About this exercise: The lines to return run from the one containing "Broodproject website banner" through the end of the material; give them exactly and leave out the pictures.

Information supplied:
◆ ◆ ◆ ◆ ◆

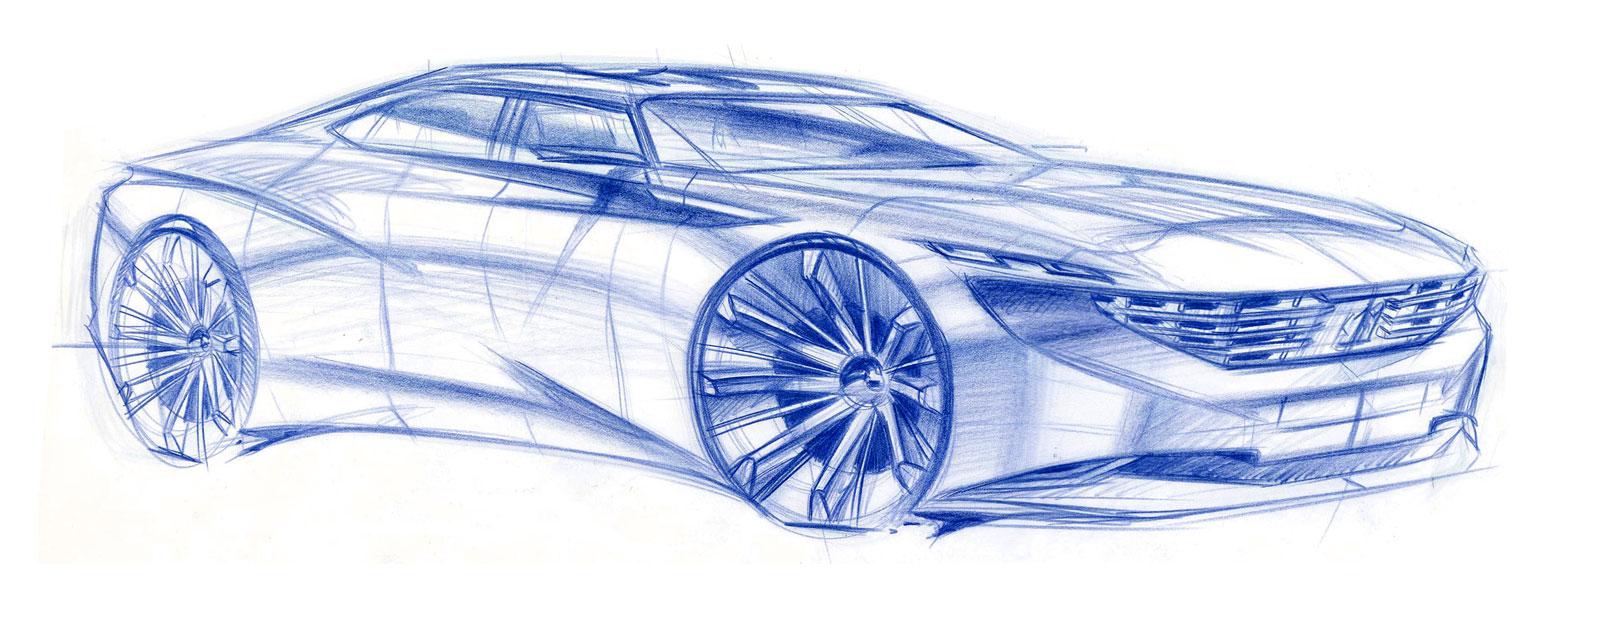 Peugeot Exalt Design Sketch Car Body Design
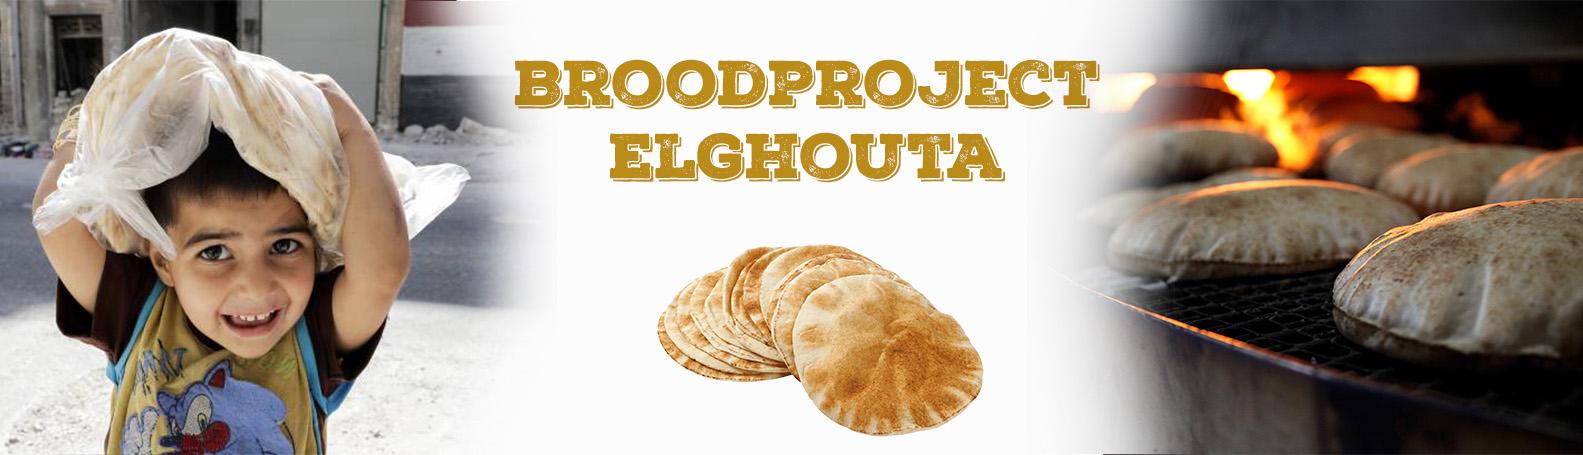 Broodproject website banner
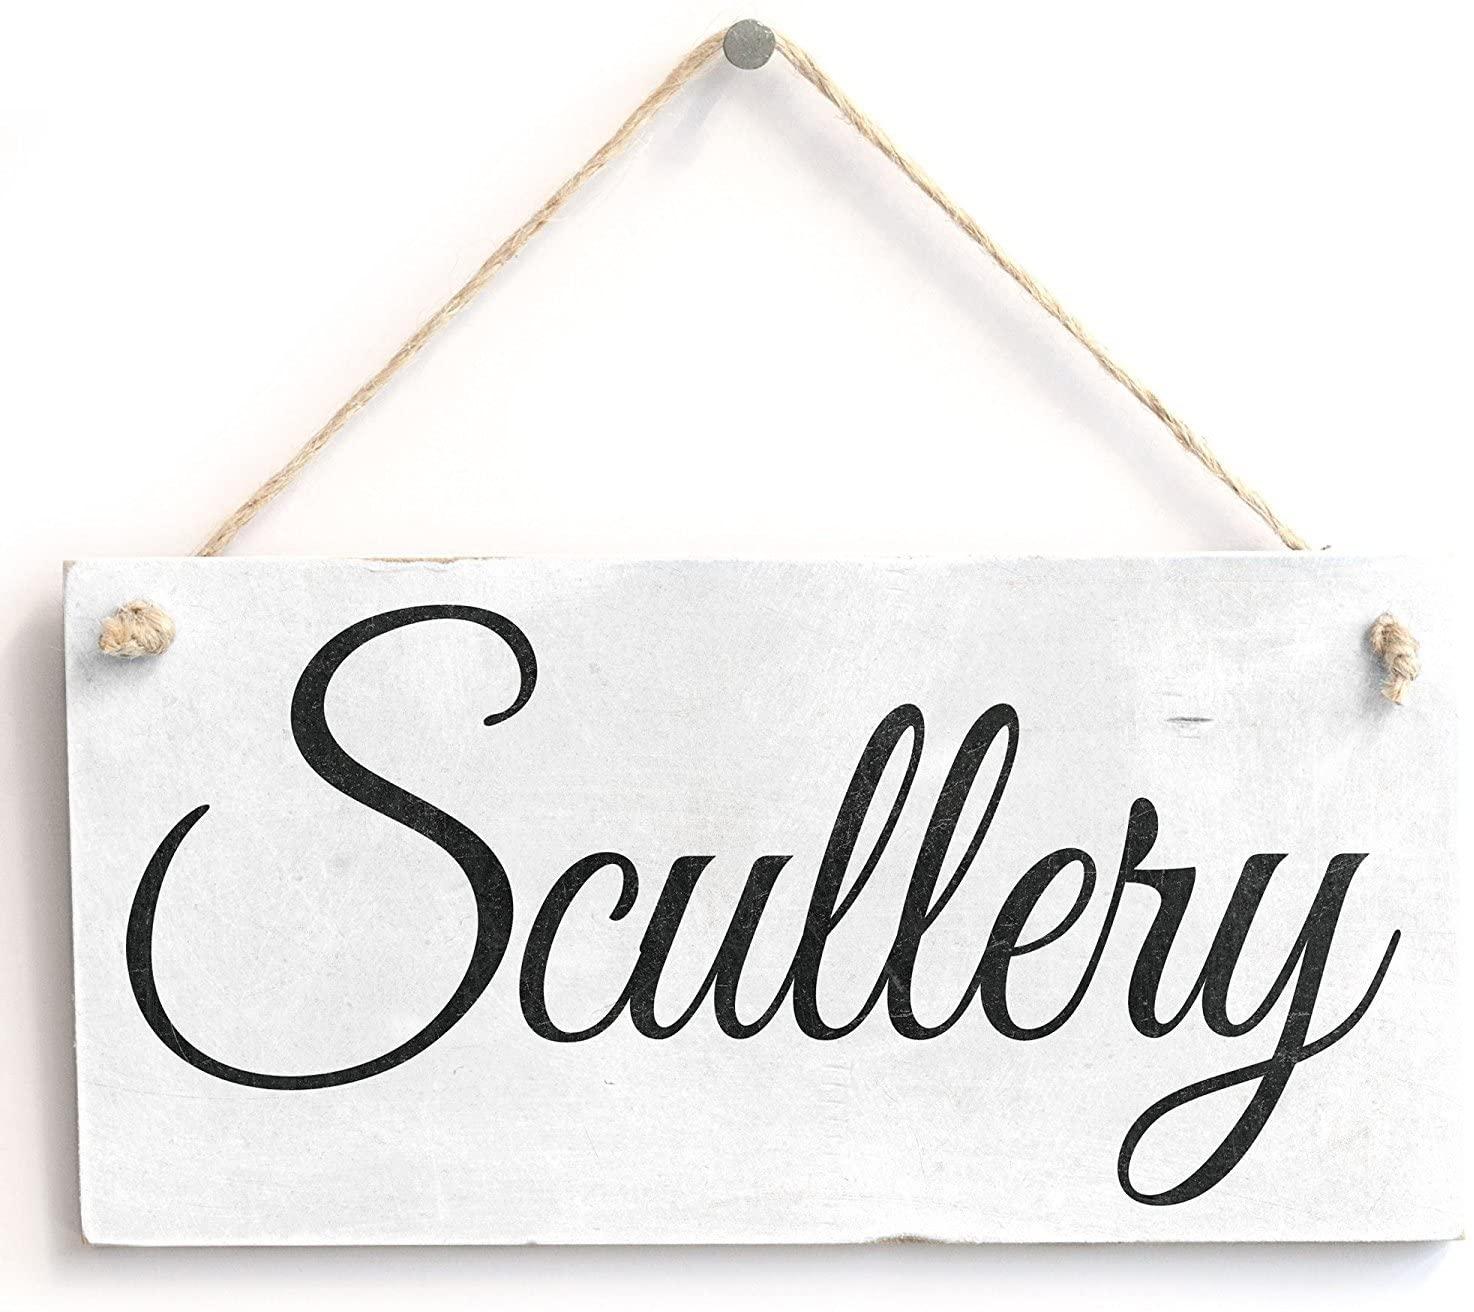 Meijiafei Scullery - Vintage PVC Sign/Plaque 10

◆ ◆ ◆ ◆ ◆

Solution for this exercise:
 Broodproject website banner
 Meijiafei Scullery - Vintage PVC Sign/Plaque 10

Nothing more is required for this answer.